This post is designed to introduce myself as a member of the Engineering Life team. Hello. I am Dominic, and I am a historian of science. Because of the kind of research questions I have typically chosen, I have always worked on scientists that are long dead. They’re great! Their archives are often accessible, provided someone had the good sense to archive their work in the first place (and if you yourself are a scientist you should be looking into ways to do this too, for yourself and your lab). Nor can they get in the way with their own view of what actually happened. It’s true that autobiographies are useful, and talking to their relatives or people who worked with them is an essential part of the research process, but at the end of the day I get to write the history (and even if I deliberately adopt a writing posture that accommodates multiple interpretations, it’s still me who gets to organise things). Lastly, you can’t piss them off.

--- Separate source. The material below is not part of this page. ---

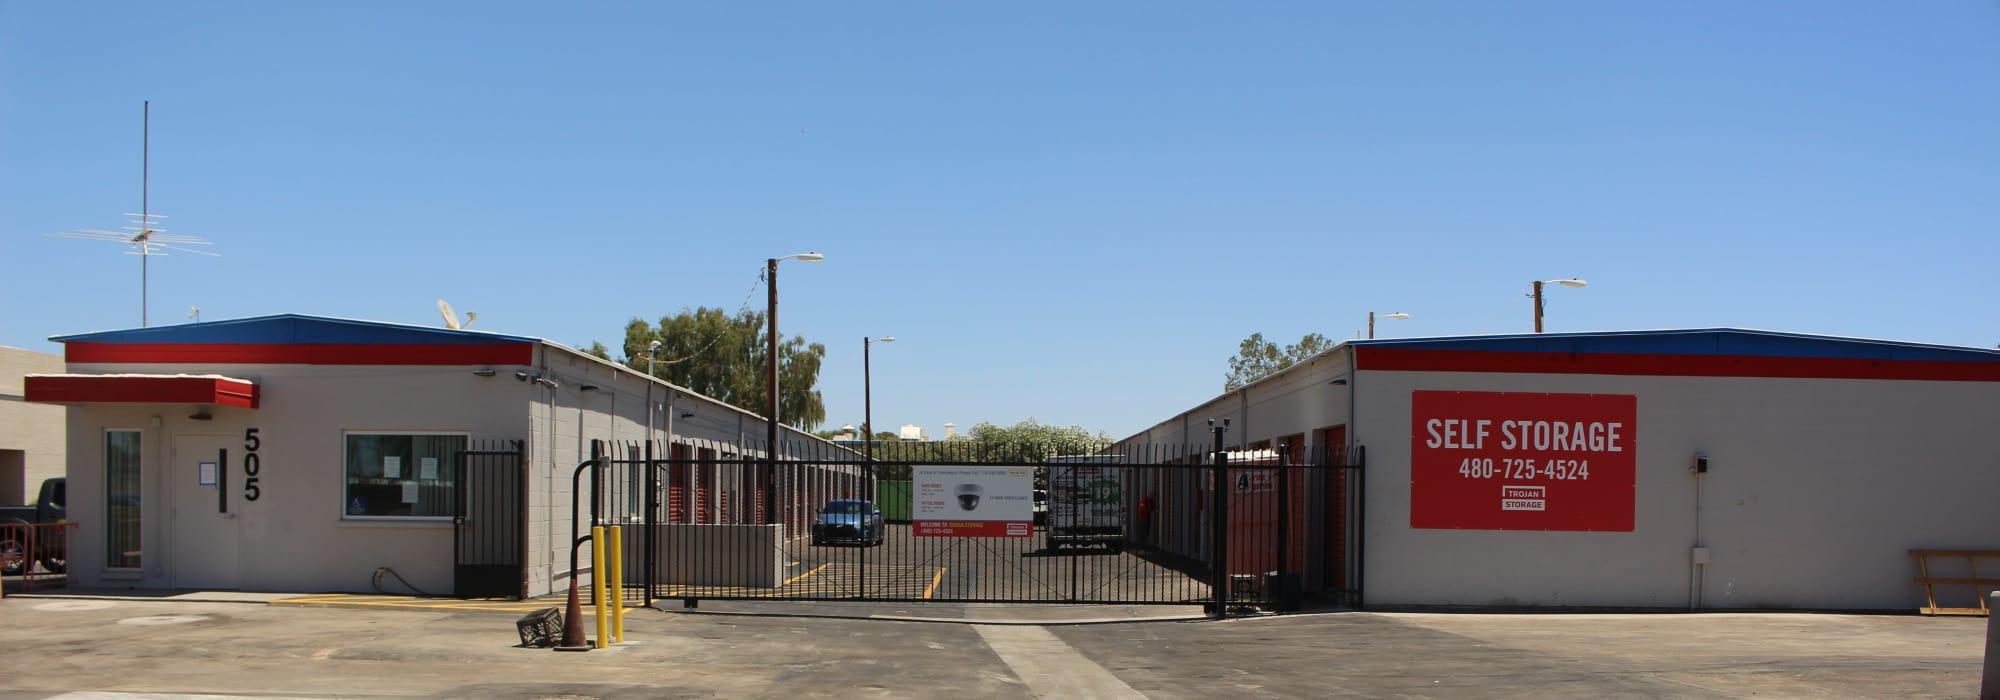 Self storage at Trojan Storage in Tempe Arizona
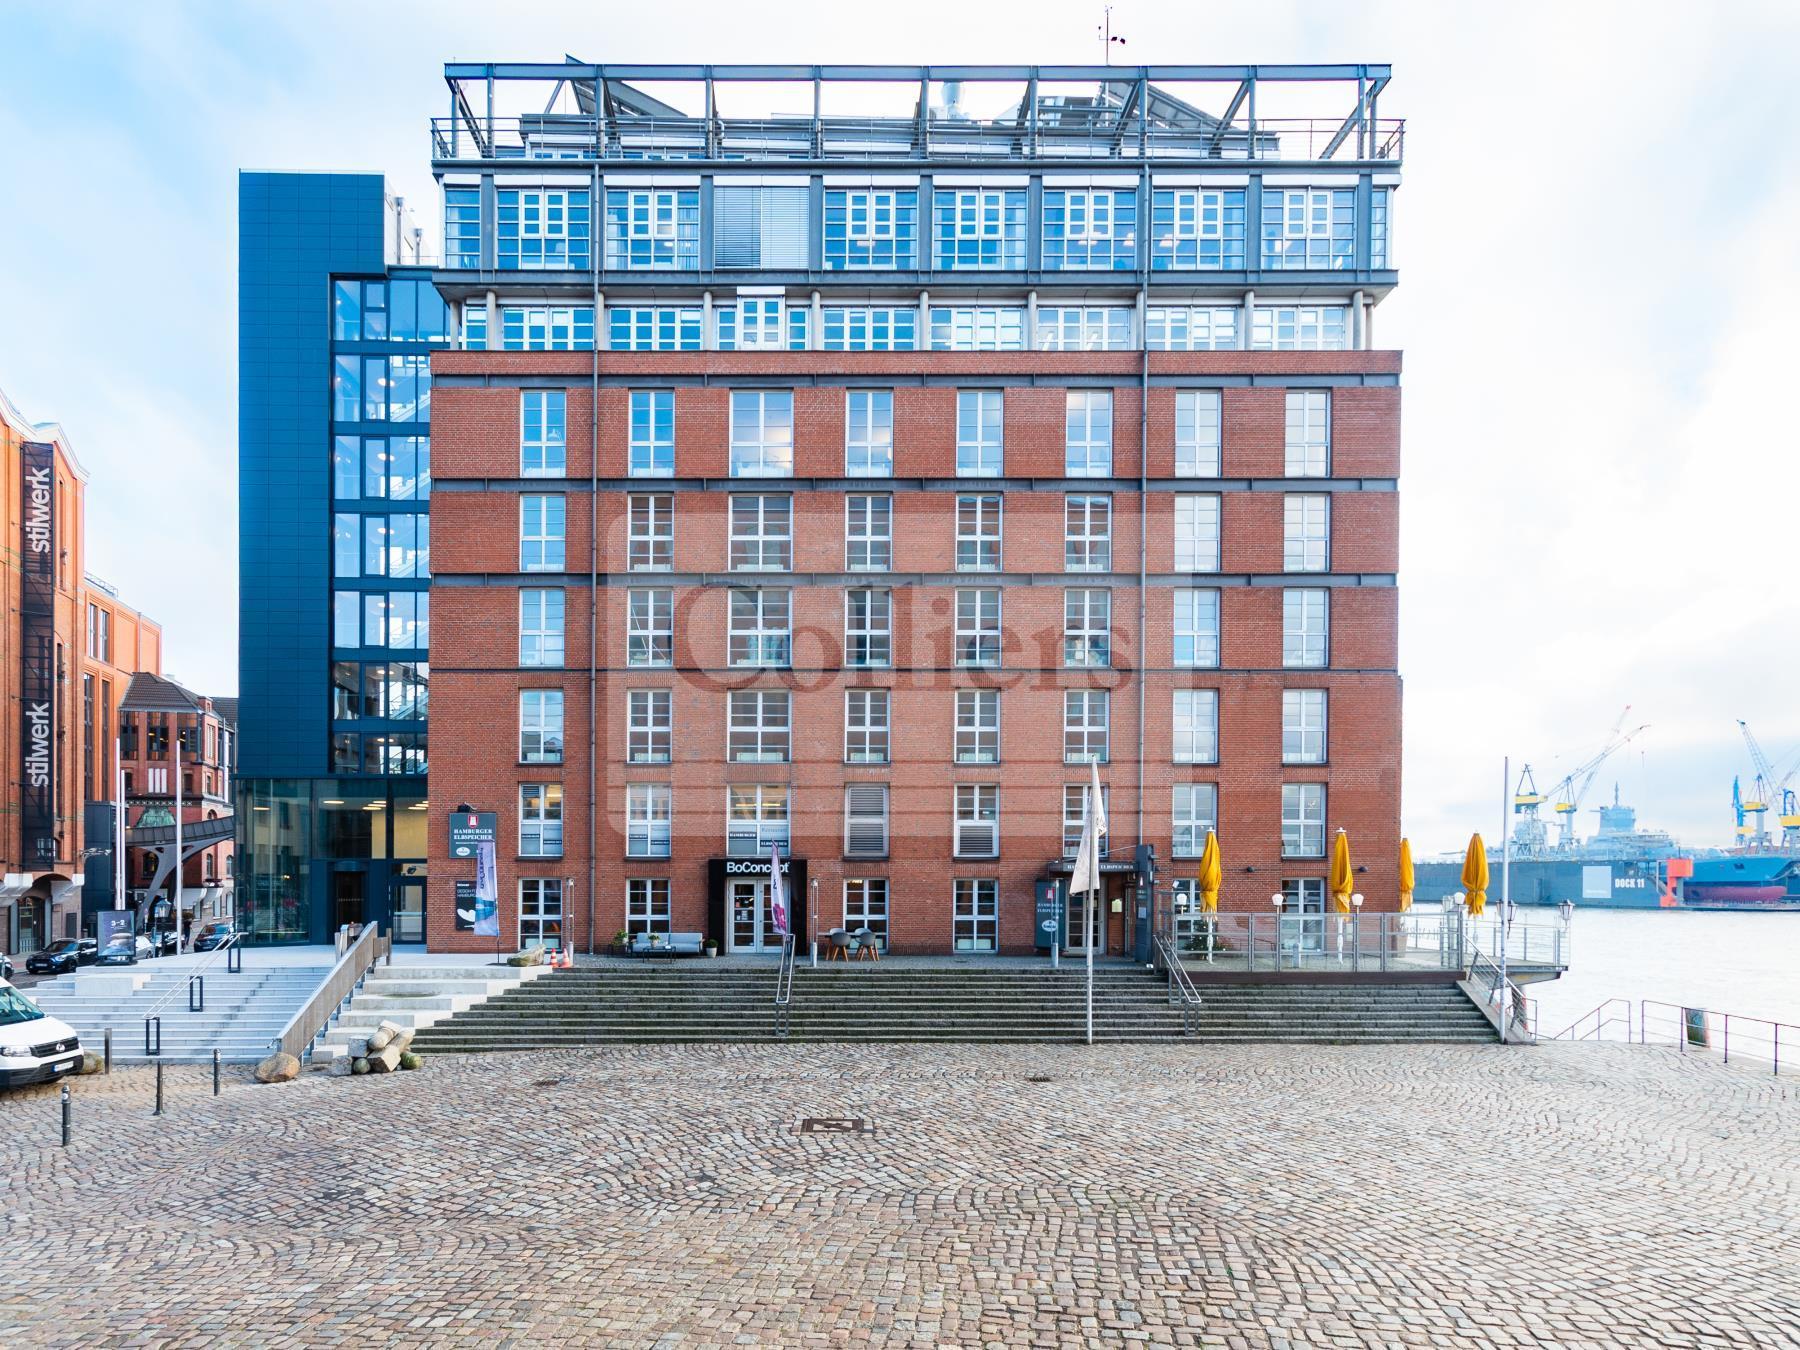 Büro an der Elbe

My research questions have now developed in a new direction, and as part of Engineering Life I will be bringing a historical perspective to bear on that most contemporary of biosciences: synthetic biology. Fortunately I am far from alone in these efforts, and aside from my colleagues here at Edinburgh, the historicization of synbio has already begun thanks to the likes of Luis Campos, Evelyn Fox Keller, and Sophia Roosth.
So how am I going to start making the transition from the past to the present, or rather, start seeing the past and present simultaneously? Well, my starting points will be something that two recent authors have complained bitterly about. “If preemptive analogizing is both rampant and low on the serious speech act metric, equally futurology is not the answer to emergent things.”* I will be doing both! But this requires a little more explanation.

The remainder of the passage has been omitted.